For the construction of overexpression plasmid, TRMT61B was cloned into pcDNA3.1 using the following primers: FWD: TCGCGAAACACTATGCTAATGGC; RVS: GTTAAGTTGTGGTTTGACCTTCCTC. The empty pcDNA3.1 vector was used as the mock control. The plasmid was transfected into HEK293T by Lipofectamine 2000 (Invitrogen) according to the manufacturer’s instructions and cells were harvested 48 h later after transfection.

Ribosome profiling

2 plates of 15-cm HEK293T cells were grown to 90% confluency; CHX was then added to the medium at a final concentration of 100μg/mL. Cells were treated in the CHX-medium for 7 min before they were harvested and lysed with 1 mL lysis buffer (10 mM Tris-HCl, pH 7.4, 5 mM MgCl₂, 100 mM KCl, 1% Triton X-100, 2 mM DTT, 100 μg/mL CHX, 0.5 U/μL RNase inhibitor, 1×complete protease inhibitor).

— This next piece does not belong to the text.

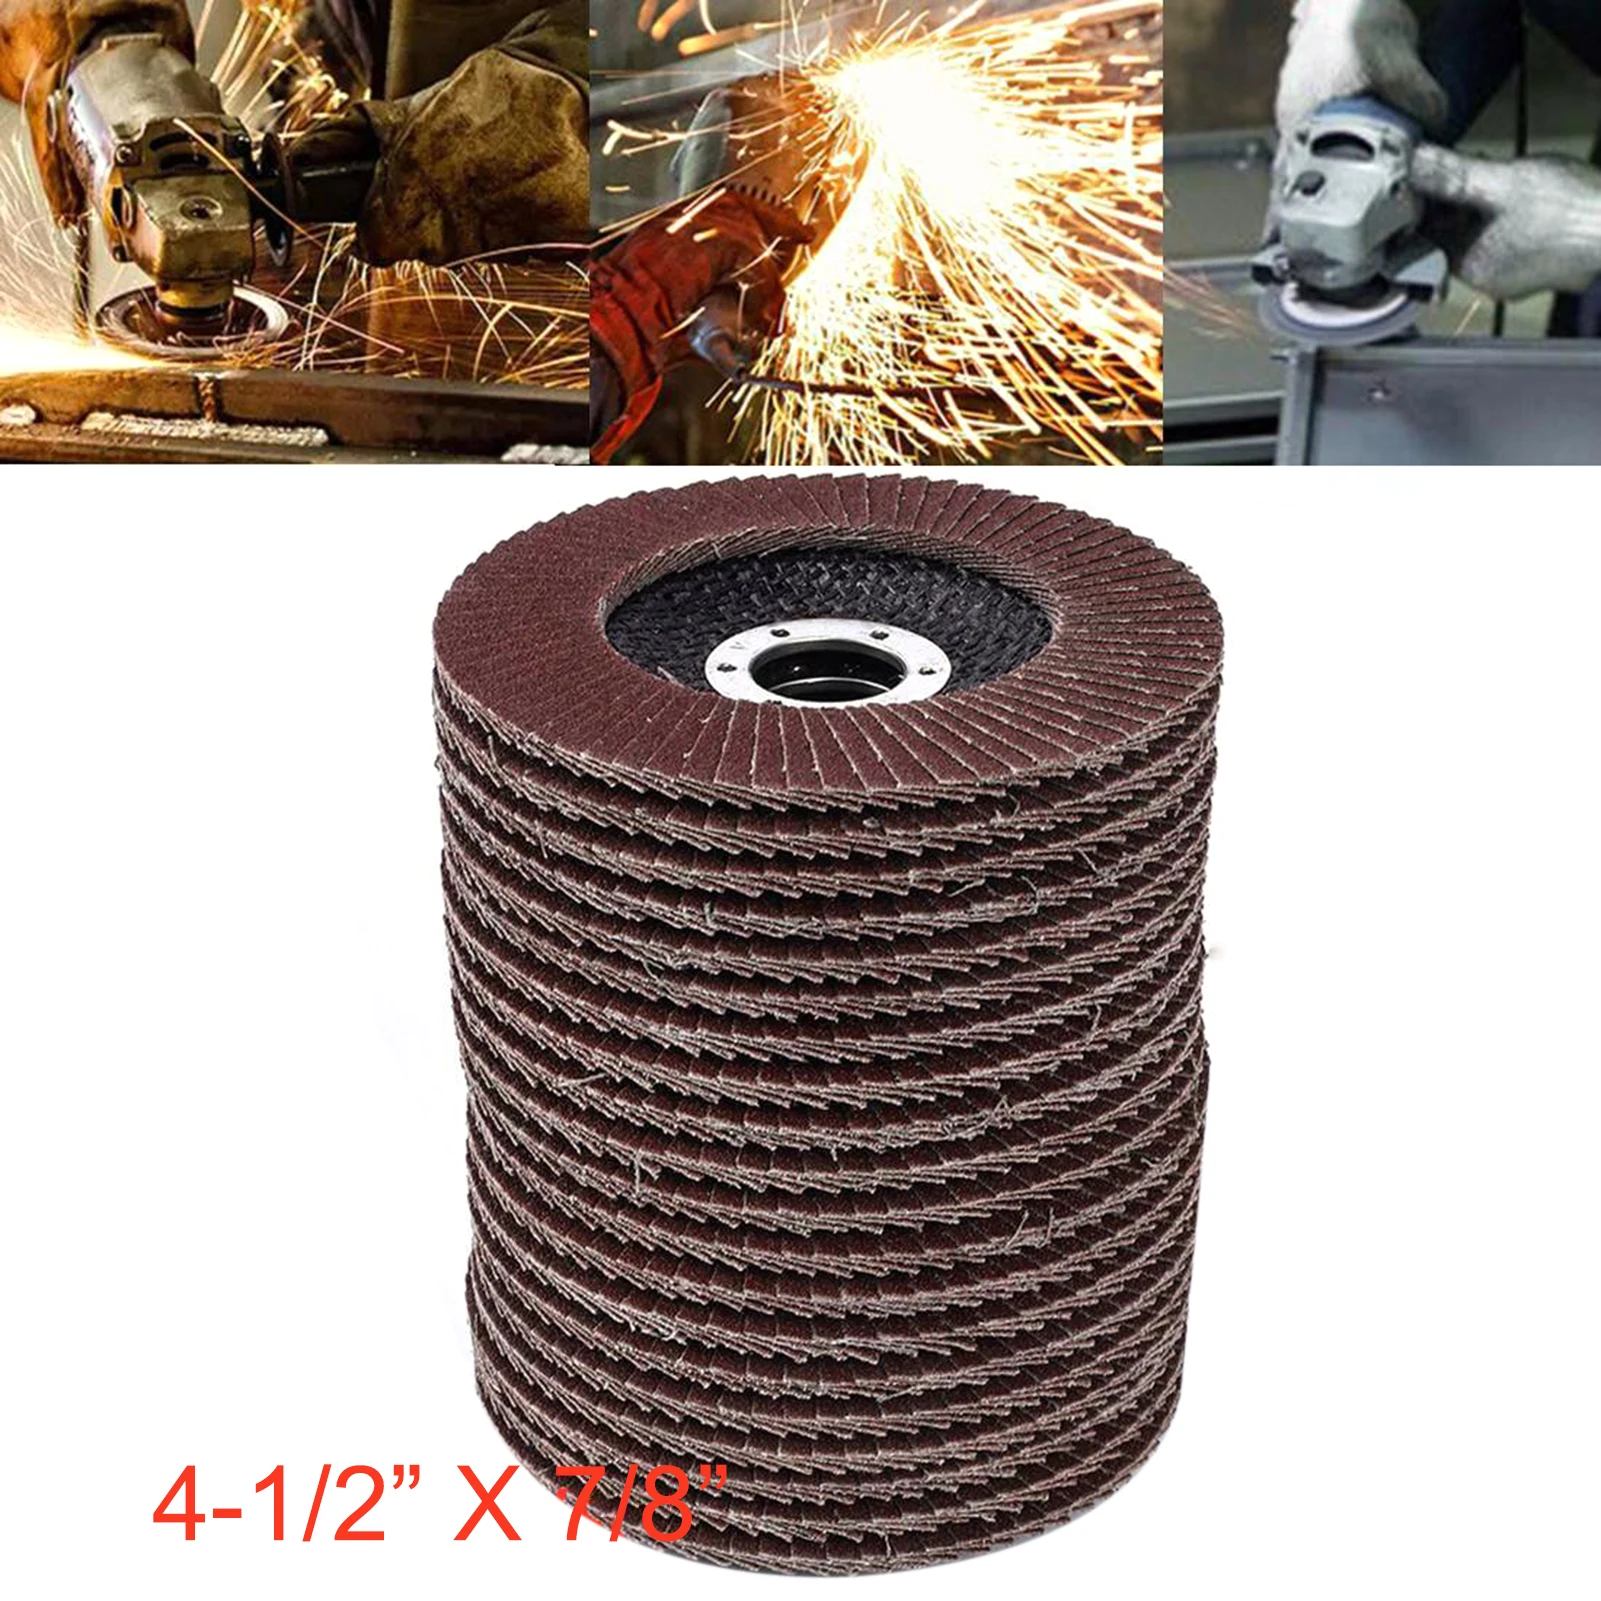 

20Pcs Assorted Sanding Grinding Wheel Aluminum Oxide Abrasives Flap Discs Compatible with 4.5'' Angle Grinder

The cell lysates were centrifuged at 15,000g for 15min, and the supernatant was collected and sent for the OD260 measuring. 100 μL lysates were kept as input sample and 1 mL TRIzol was added to purify the RNA. 1 μL Micrococcal Nuclease (NEB) per 25OD was added to the remaining cell lysates and incubated at 25 °C for 20 min. The digested cell lysates were used for performing ribosome foot-printing. The lysates were fractioned on 10/50% w/v sucrose gradients using the SW-40Ti rotor at 27,500rpm for 4h. 80S monosome fraction was collected, followed by the addition of equal volume of extraction buffer (1% SDS, 40 mM EDTA). RNA was isolated by phenol-chloroform extraction. RNA fragments between 28–30 nt were selected using 15% Urea-PAGE. Recovered RNA fragments were subjected to library construction. In brief, RNA samples were dephosphorylated with PNK (NEB) and ligated to 3′ RP linker (5′rAPP-CTGTAGGCACCATCAAT-3SpC3) using T4 RNA ligase2, truncated KQ (NEB). Reverse transcription was carried out using Superscript III (Invitrogen) with RP-RT primer (5Phos-AGATCGGAAGAGCGTCGTGTAGGGAAAGAGTGTAGATCTCGGTGGTCGC-SpC18-C ACTCA-SpC18-TTCAGACGTGTGCTCTTCCGATCTATTGATGGTGCCTACAG). cDNA was circ-ligated with CircLigase II (Epicentre) and then amplified by PCR with primers (5′-AATGATACGGCGACCACCGAGATCTACAC-3′; 5′-CAAGCAGAAGACGGCATACGAGATXXXXXXGTGACTGGAGTTCAGACGTGTGCTCTTCC GATC-3′, XXXXXX represents index sequence). PCR products were purified by 8% TBE gel and sequenced on Illumina Hiseq 2500 with single end reads (50 bp).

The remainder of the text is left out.